Der Coup 2026: Ein alter Bekannter schlägt zurück
Für die größte Überraschung sorgte ausgerechnet die jüngste Staffel. Gewinner der 22. Ausgabe wurde Menowin Fröhlich – ein Name, den DSDS-Fans seit Langem kennen. Der heute 38-jährige Würzburger hatte bereits 2005 und 2010 an der Show teilgenommen und war 2010 nur knapp am Titel vorbeigeschrammt, als er hinter Mehrzad Marashi Vizemeister wurde.

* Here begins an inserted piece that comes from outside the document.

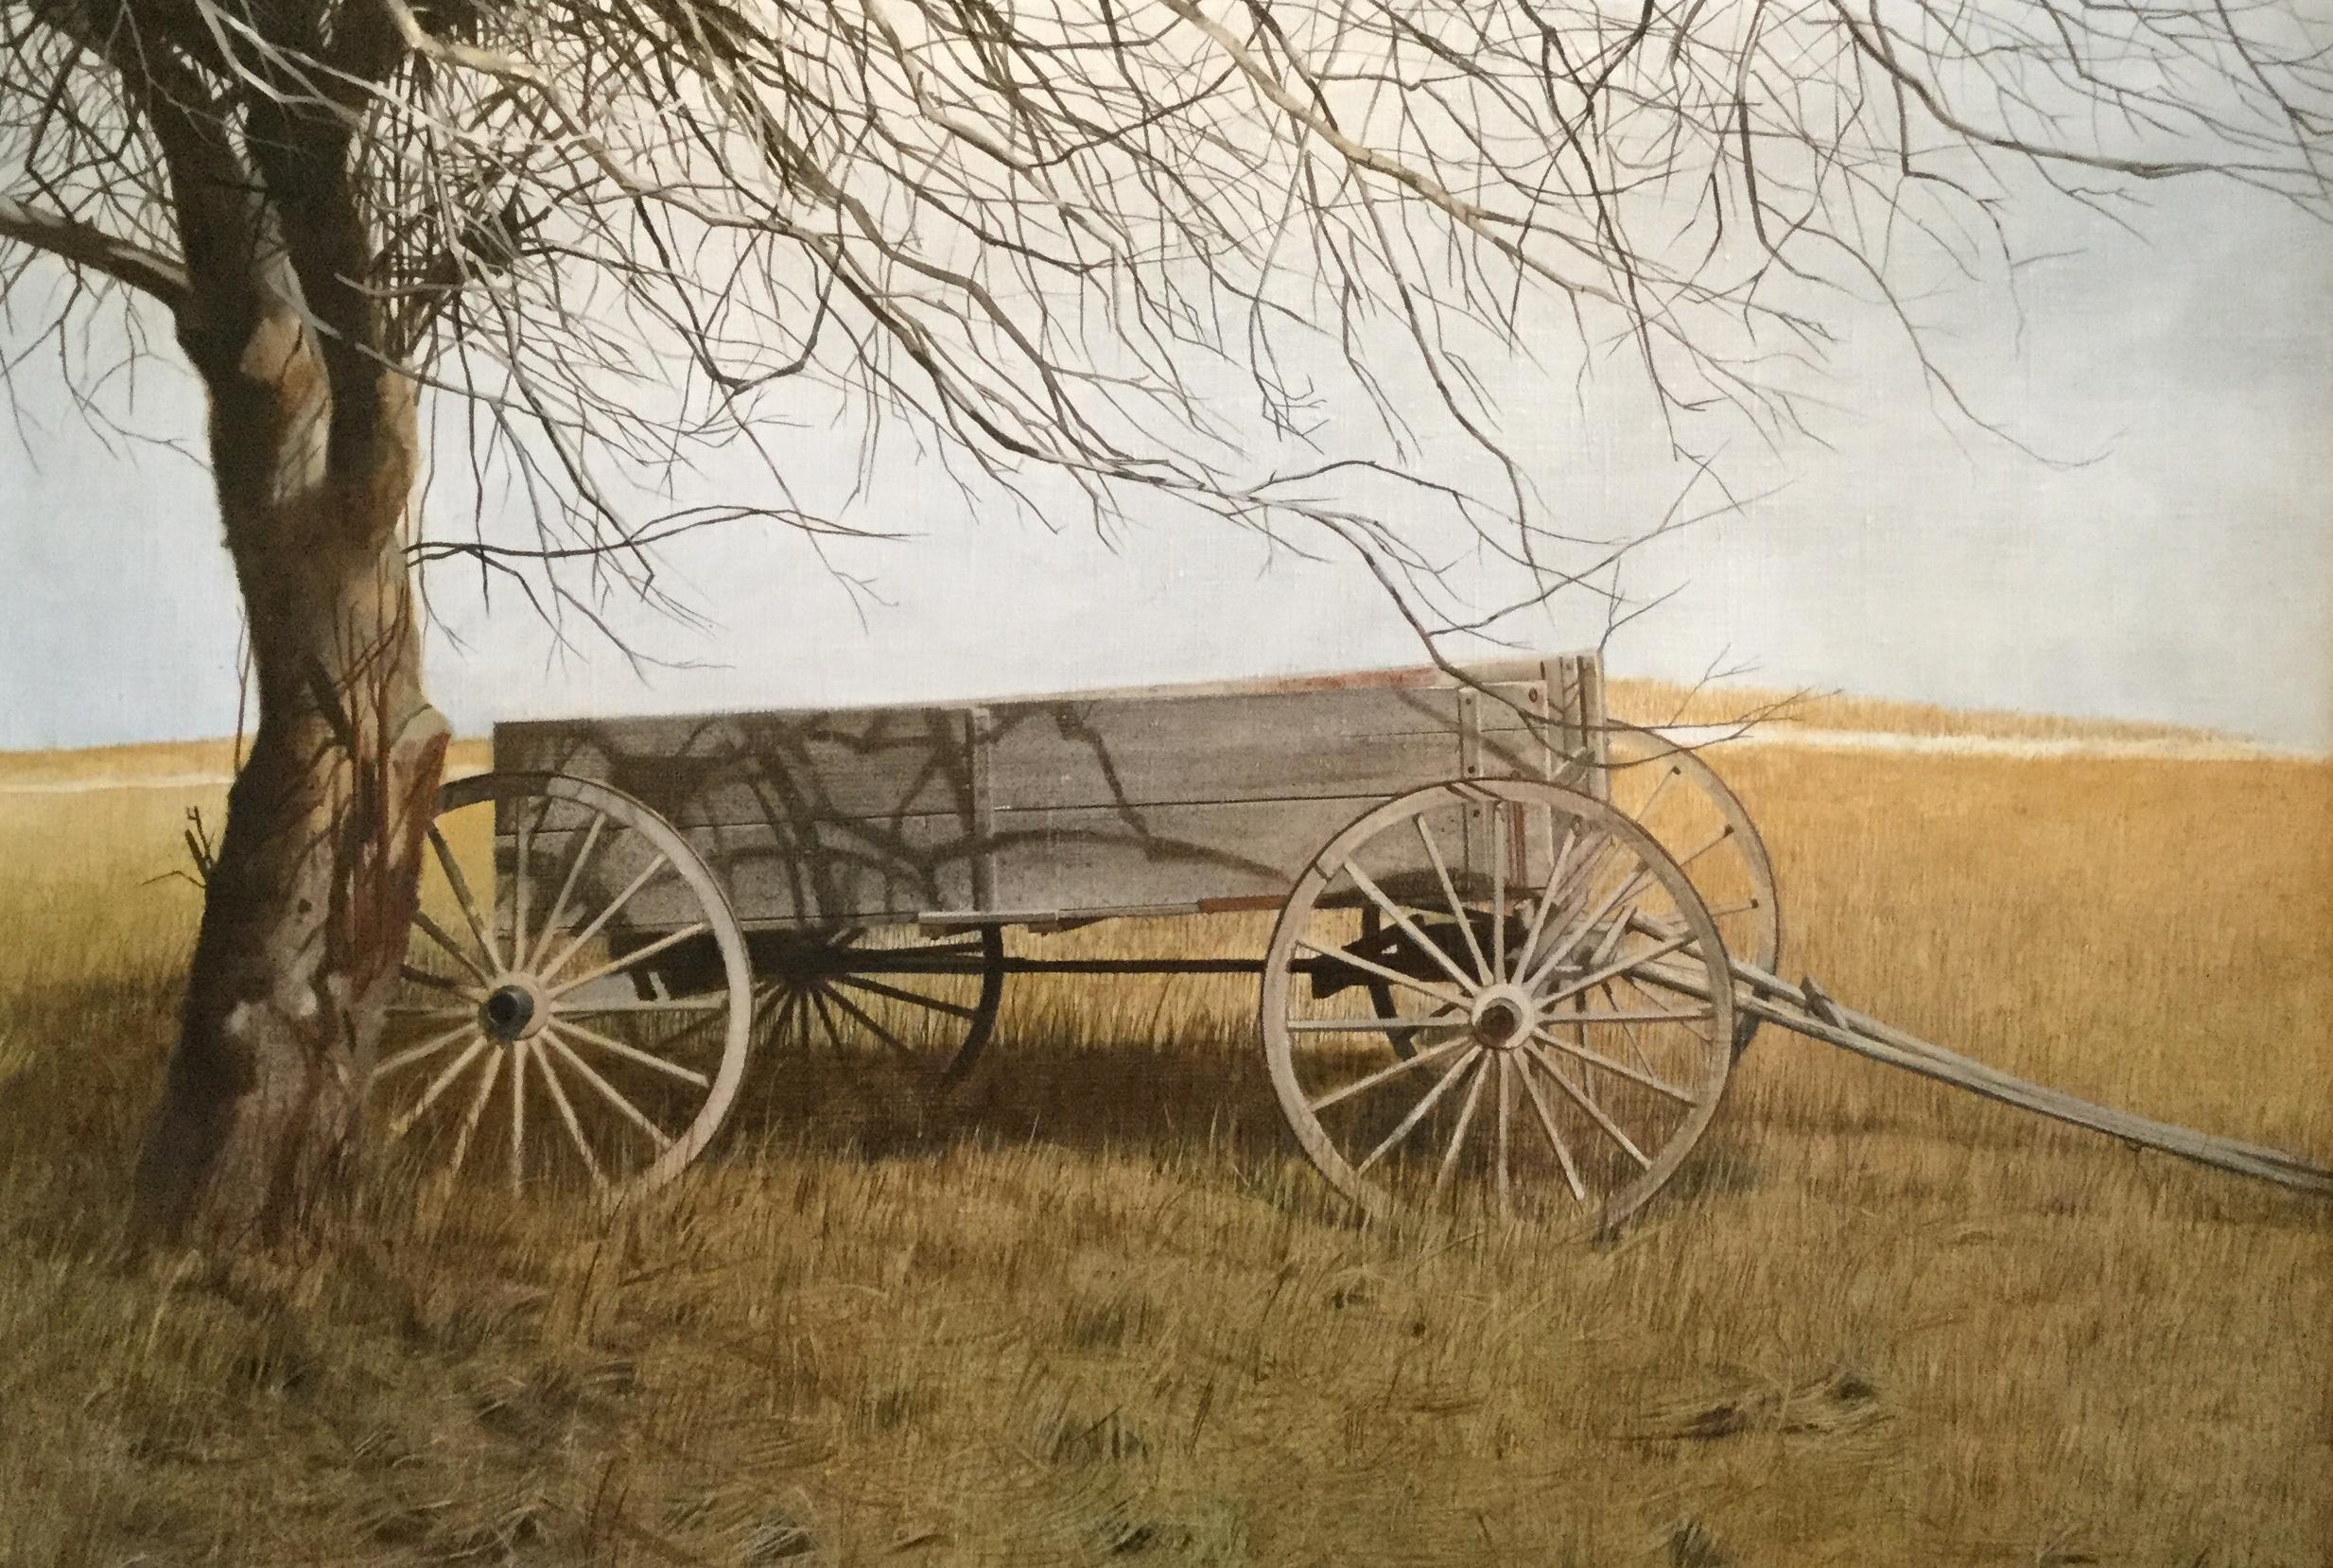 Farm Wagon in a Field

2026 kehrte er auf ungewöhnlichem Weg zurück: Eigentlich begleitete er seine Tochter zum Casting – und stand am Ende selbst im Finale. Am 9. Mai 2026 setzte sich Fröhlich in den Kölner MMC-Studios mit Michael Jacksons „Billie Jean“ und 56,52 Prozent der Zuschauerstimmen klar durch, deutlich vor Constance Dizendorf mit 30,30 Prozent. Als Sieger erhielt er 100.000 Euro und einen Plattenvertrag; sein Siegersong trägt den Titel „Mercy On Me“.
„Vom Vizemeister von 2010 zum Superstar von 2026: Menowin Fröhlichs Sieg im dritten Anlauf ist einer der ungewöhnlichsten Titelgewinne in 22 Staffeln DSDS.“
Rückblick auf das DSDS-Finale 2026
Damit reiht sich ein weiterer, ganz eigener Karriereweg in die lange Liste der DSDS-Sieger ein. Von Alexander Klaws bis Menowin Fröhlich zeigt die Show nach über zwei Jahrzehnten, dass sie noch immer für Geschichten gut ist, die niemand kommen sieht.